A research lab from TUD worked on a project investigating Apple's wireless ecosystem Link: https://owlink.org/publications/
Also something interesting that I remembered reading closely linked to AWDL?
Link: https://projectzero.google/2020/12/an-ios-zero-click-radio-p...
This seems like such a basic solution that I'm surprised that it isn't required by any of the mainstream standards before WiFi Aware. I wonder if this was some sort of a patent issue or similar.

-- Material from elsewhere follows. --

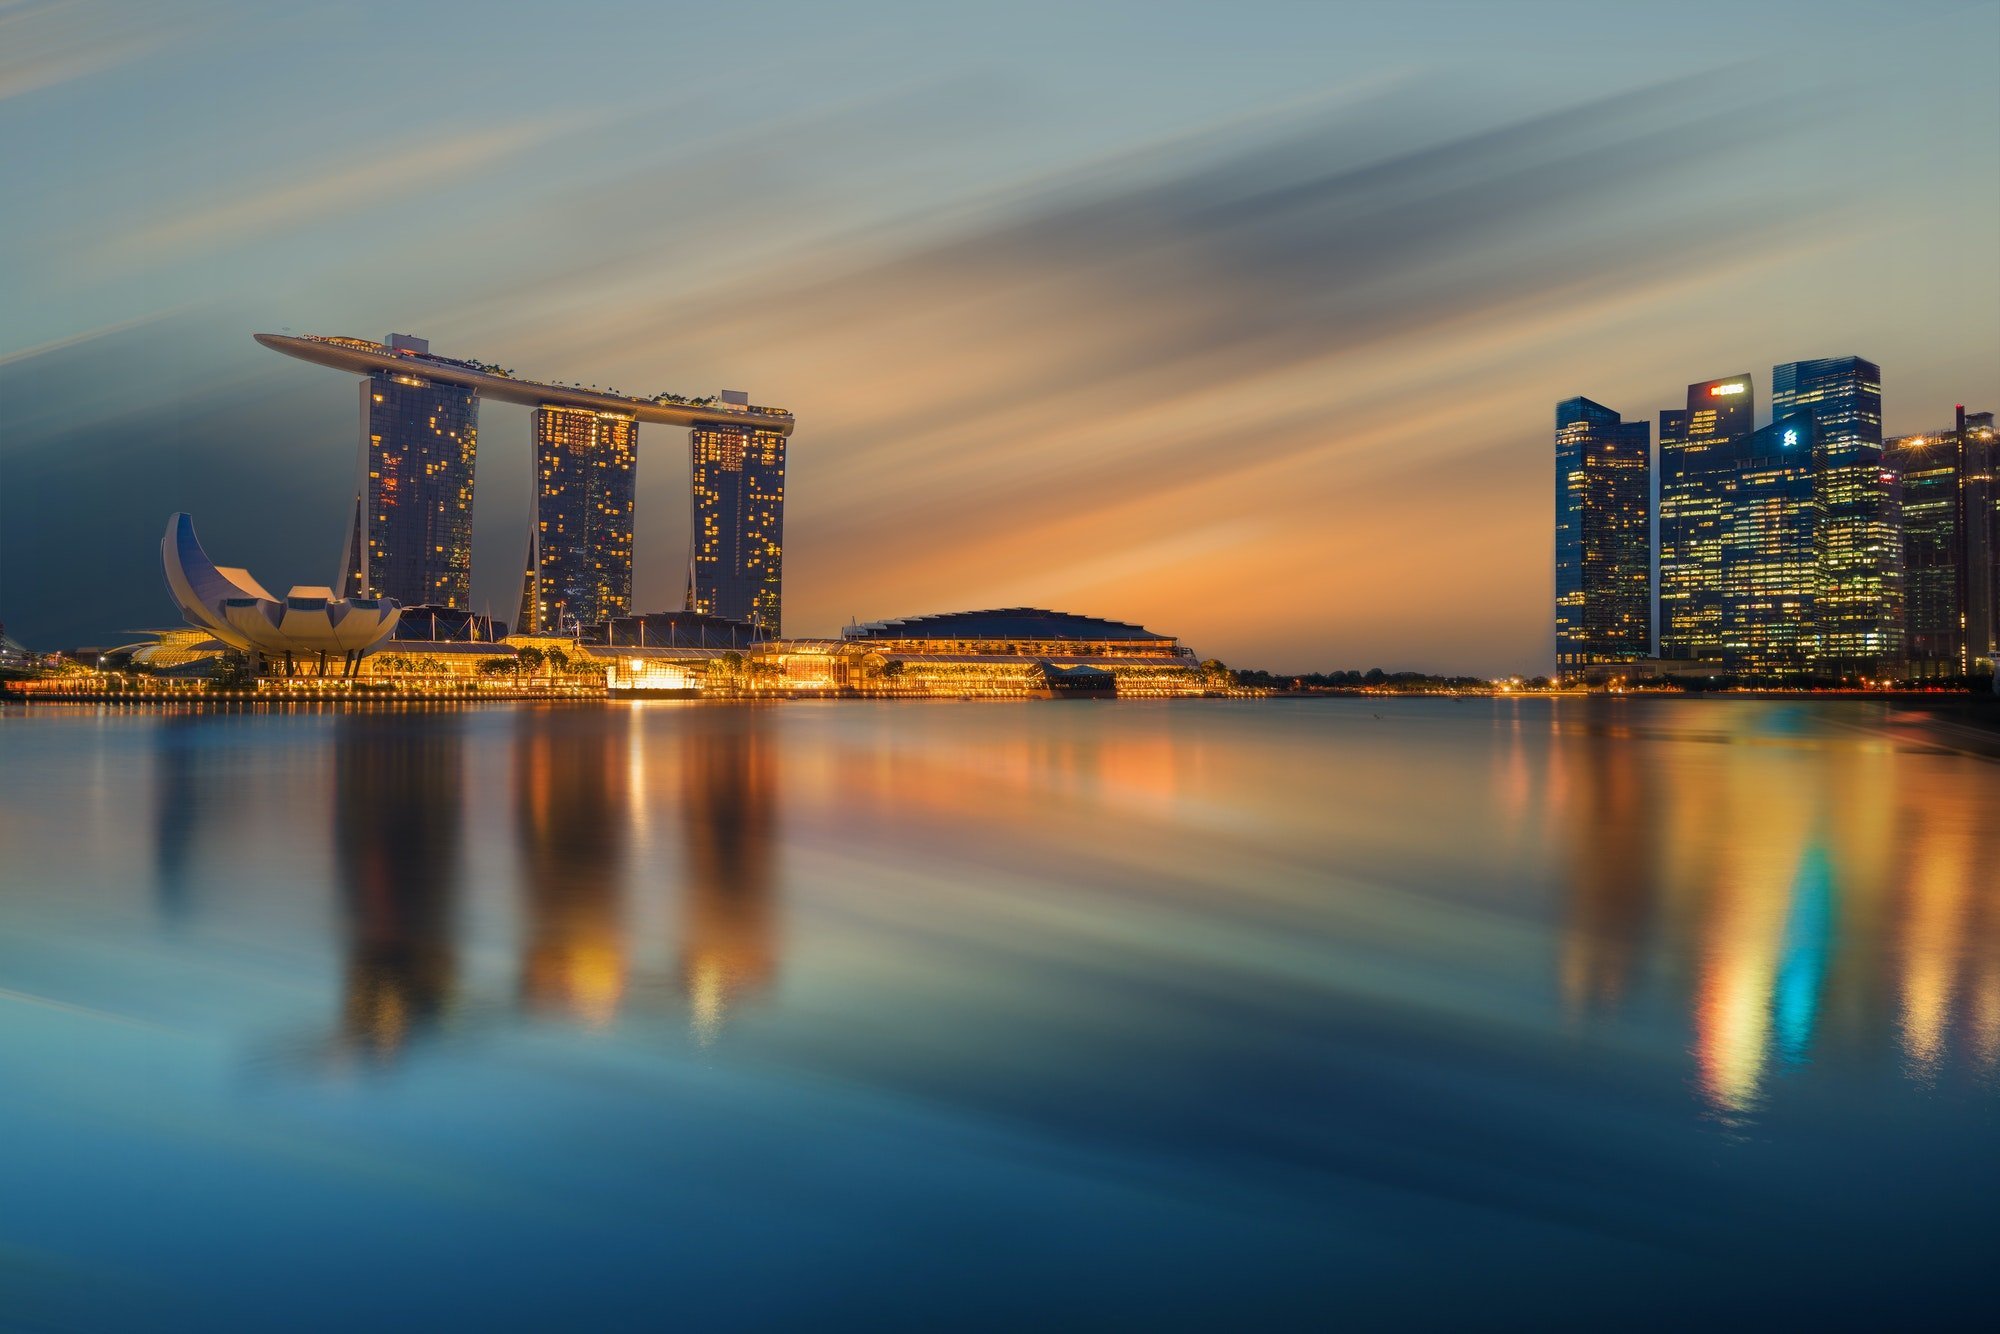 Singapore View Of Marina Bay sands.

However the path towards this type of interoperability would likely go through additional standardization via IEEE 802.11* and the Wi-Fi alliance. At which point Apple will need to implement and support the new standards. There is no need to reverse engineer AWDL to meet the new European interoperability requirements. What is needed is for wifi chipset OEMs to implement such standardization. Something pretty routine of them.

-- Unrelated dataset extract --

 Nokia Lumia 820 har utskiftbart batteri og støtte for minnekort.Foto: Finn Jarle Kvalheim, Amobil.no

It can be expected that Apple will also maintain the proprietary AWDL in order to support their legacy devices.
I've definitely used STA and AP modes concurrently on my Windows laptop with the operating system's built-in internet connection sharing function to help troubleshoot a problem in the field.
That was around a decade ago. It didn't take any extra effort on my part; I just told it to do the thing, and then it did that thing.
It’s a future promising tech though. A much better version of Wi-Fi Direct.
Maybe a network nerd can chime in - is this implementation so difficult that it's unrealistic we'll see an OSS version?
Say you've got an android phone, windows PC, and a linux box, and you want to be able to quickly drop files from each one. unless we get some kind of cooperation across all three platforms at the OS level, you'd at minimum need to install some kind of client into each system - when the nicest feature of airdrop is that it's baked into all of Apple's OSs, in my opinion. even if it worked exactly the same way, but had to be installed, I think it would see less use - and there's no real way for a single OSS project to do that across multiple OS platforms, to my knowledge
What's tricky is to specify and get everybody to implement the layers on top of it, including device discovery (frequently offloaded to Bluetooth for efficiency reasons), user identification (Apple runs a PKI for this) etc.
This is really nothing special as 802.11 implementations go, as it's pretty easy to do as long as you can control the physical channel for at least one side.
Many Windows, Linux, and Android devices have been supporthing this for years. It's usually called something like "simultaneous AP/STA mode".
When Quickshare drops your Wi-Fi connection, its not Direct anymore, that's just soft AP from an error, and if that doesn't work, it fallback to Bluetooth. Bluetooth is used for provisioning as well.
The only reason why many apps don't use it is because of buggy implementation, some phones require a full restart after using Wi-Fi Direct to fix connectivity issues, even Motorola's own product line with Smart Connect use it only with certain models, despite having Wi-Fi direct due to poor implementation (can be forced). They even have a white list of supported adapter for the Windows app since direct is used as well, can be unofficially force enabled for Mediatek based adapters (rare on some laptops).
Back in 2016 things were much stable on Android phones with Wi-Fi Direct, even with old Blackberry, there were many apps including file managers that used it before it was essentially dropped, even for onboarding/provisioning apps like HP printers...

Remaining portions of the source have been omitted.